# need a squat in london



## need1 (Aug 27, 2009)

urgent..

i am looking for one for weeks and can not find anything... sleeping in a london park ..(it is dirty and cold)

i am 27 yrs old and unemployed (looking for work )

i am quite the intelectual type, well read , left and radical literature lately ... figures ... 

full of bitterness


----------



## Atilla the Hun (Aug 28, 2009)

Hope I don't come off as rude, but who in the world is going to hand a complete stranger the keys to a squat? I'm just a newbie rubber tramp, so I can't help you. You're intelligent and well read right? Figure it out yourself. Do you have any friends that'll let you crash at their place for a while?


----------



## need1 (Aug 28, 2009)

dude wake up and smell the roses...

you have a point there, that ppl do not know me .. but ppl can get to know me ,can meet me first ... and judge for themselves before leting me in ... lol 

what am i suppose 2 do ?

reaching in the dark ...

ps. ofcourse i am trying to figure it out myself ... i keep fighting ...men do that, you would know if you were 1


----------



## need1 (Aug 28, 2009)

pss. nope , no friends


----------



## Matt Derrick (Aug 28, 2009)

you sound like a jerk. if you want people to take your request seriously, you need to show this "intellect and intelligence" you claim to have.

the best analogy i can think of is... its like youre posting a singles ad that says "i wanna fuck". yes, everyone wants that. how about adding some detail and personality to your post?

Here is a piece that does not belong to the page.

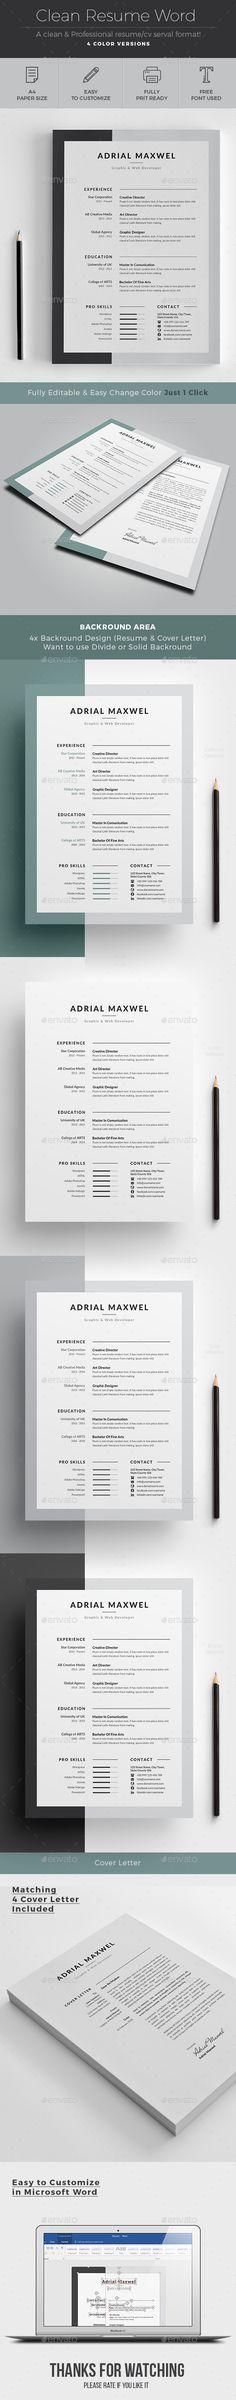 328 best Documents design ideas images on Pinterest Resume - dlsu resume format

also, the "if you were a man" comment was very inappropriate. this violates our rules under flaming.

7 day ban.


----------



## stove (Aug 29, 2009)

Hmm damn shame, I don't know of a squat but I've got some friends in and around London, as well as knowing plenty of punks whom hang out at the Circus. There's also a super hospex network...Oh well, don't freeze Dbag.


----------